By Bonifacio Taban Kuich
October 19, 2012 (BENTIU) - Thousands expired commodities have been confiscated according to Unity Authorities finance Ministry, and traders from Ethiopia and Sudan being investigated for selling the goods after their sell-by-date.
Niemeri Mayual Garkek, the Unity State director for industry and quality promotion, told Sudan Tribune on Friday that the expired goods are being stored by the government after they were found on sale in Bentiu’s markets.
The expired goods are allowed to enter the state as there asre "no clear check points" to inspect imported commodities”, Garkek said.
South Sudan depends on imported goods from the neighboring countries Sudan, Ethiopia, Kenya and Uganda. The country has vast areas of fertile land but insecurity and inefficiency in agricultural production mean that South Sudan still depends largely on imports, especially for manufactured goods.
Garkek says over reliance on imports is a big challenge for the young nation, making Unity State "a zoo of the expired commodities".
The expired commodities came through Rubkotna and Guit ports on the White Nile river which are used by traders to import goods to the state. Most storage facilities for consumable goods are not well ventilated resulting in some goods going bad even before their expiry dates.
The expired goods include medicine, maize flour, alcoholic drinks, powered juices, biscuits, and sodas. Authorities say will take to court traders suspected of bringing expired goods into the state.
“Before the demolition in that place we have apply what is so call legal procedures, in the present of legal advisor at the Ministry level or even there is no legal advisor we use to cooperate with those prosecution and attorney or legal administration, the legal procedure we have to use we do with what we call not comply form”, Garkek added.

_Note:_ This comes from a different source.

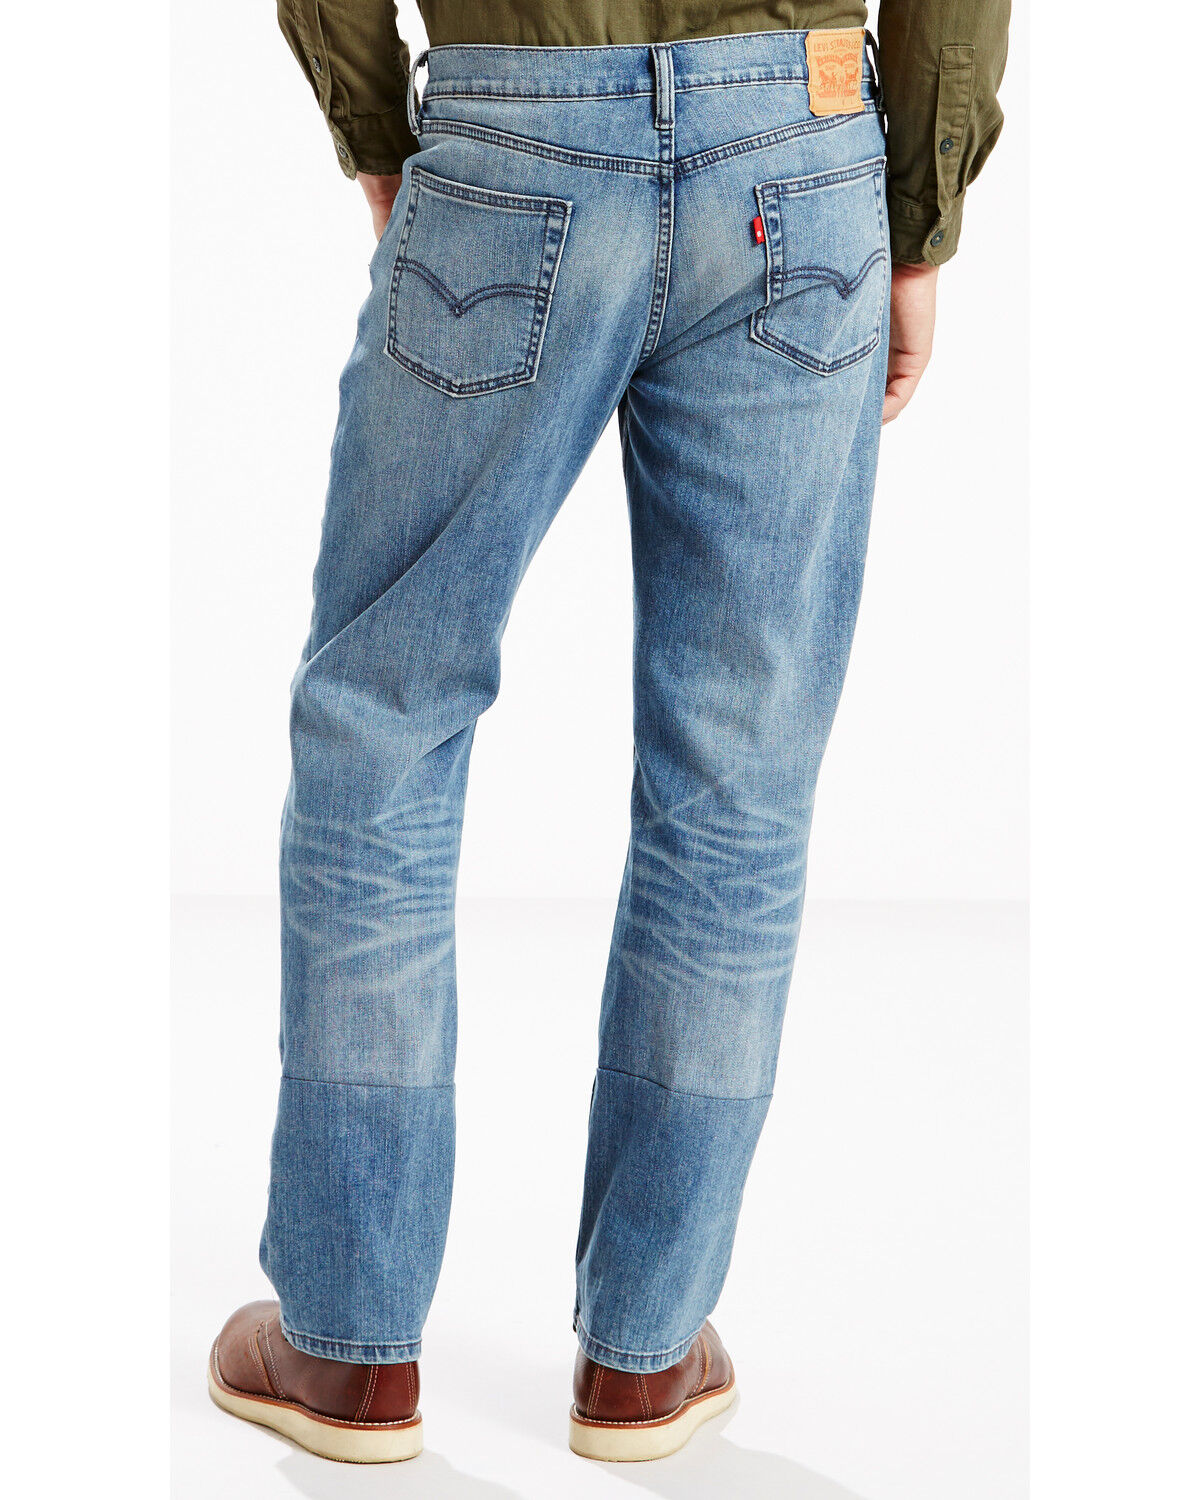 levi's 514 slim fit jeans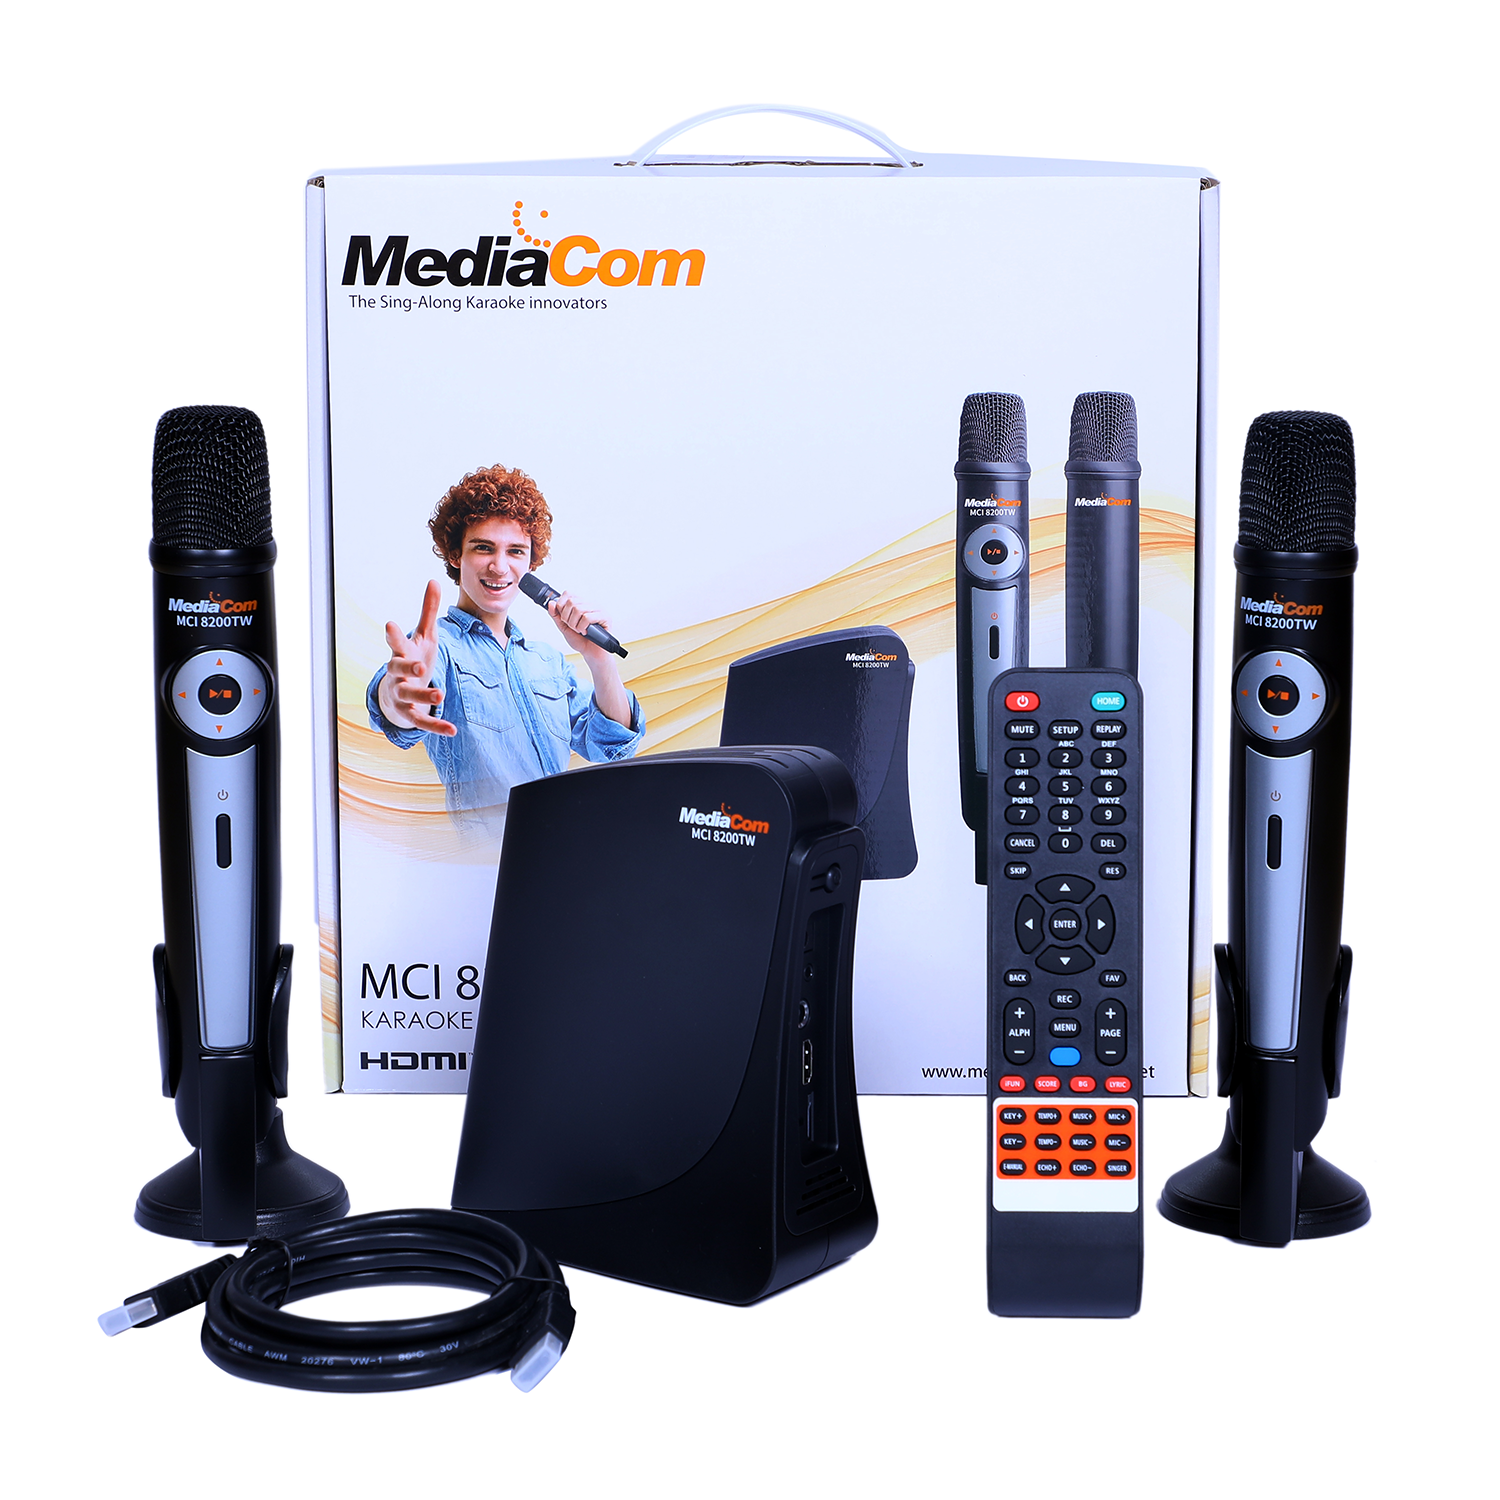 MediaCom MCI 8200TW Premium HD Karaoke

Garkek says the government is working hard to stop such practices from reoccurring within the state, adding that traders should respect the role of the South Sudan National Bureau of Standards.
In the state capital Bentiu, consumers complain that many bakers sell bread with insects inside their bread and that rotten goods are sold in markets.
Joseph Gatluak Jal, 21, a bread seller in Kalibalek Market told Sudan Tribune that some goods are rotten when they are sold to them by wholesalers.
“It is true that some wheat flour carry some insects", he said, adding that "when we go and buy the wheat flour we could not know whether such wheat flour has spoiled”.
Jal who has made his living selling bread seller since 2007 earns between 15 to 20 South Sudanese Pounds (SSP) a day. He blames the government for not properly controlling imports and the consequent potential health consequences.
South Sudan lacks the equipment or laboratories to properly examine the import goods to the country.